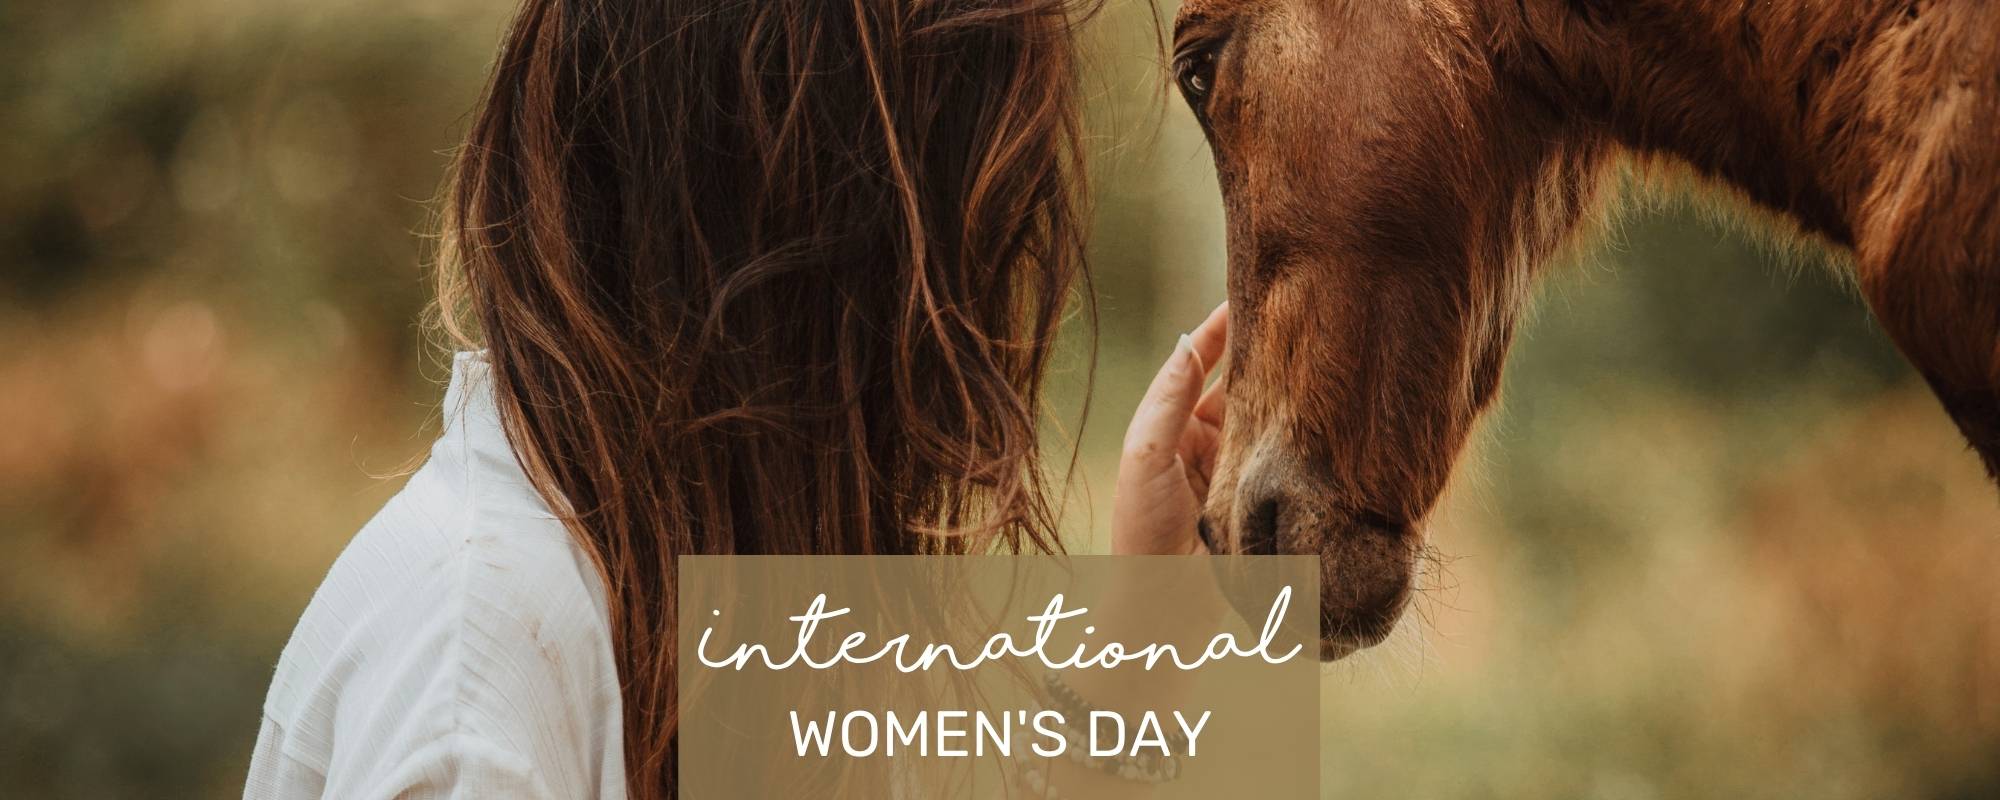 Celebrating women in wildlife conservation on International Women’s Day
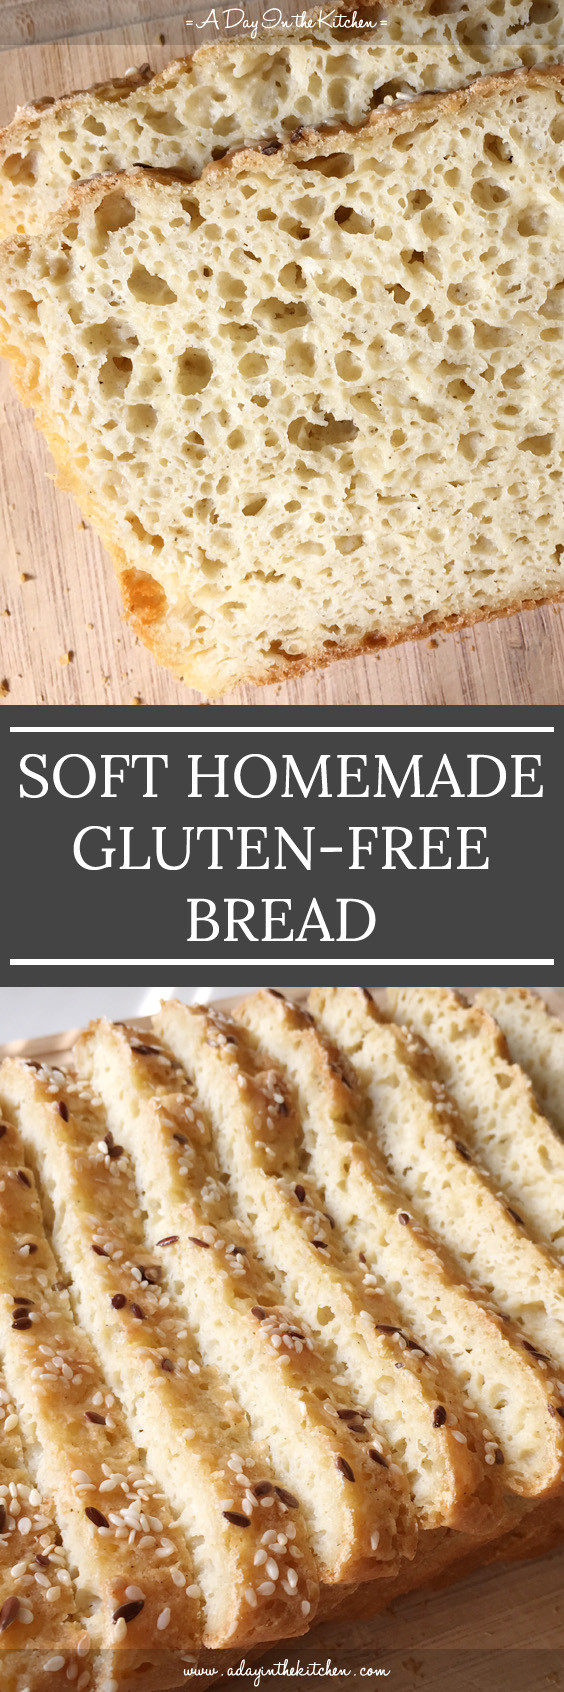 Soft Gluten Free Bread
 Soft Homemade Gluten Free Bread

────────

■ Exercise objective: A verbatim transcription of the listing is expected, with no pictures included.

■ Answer to this problem:
 Celebrating women in wildlife conservation on International Women’s Day
 Soft Gluten Free Bread
 Soft Homemade Gluten Free Bread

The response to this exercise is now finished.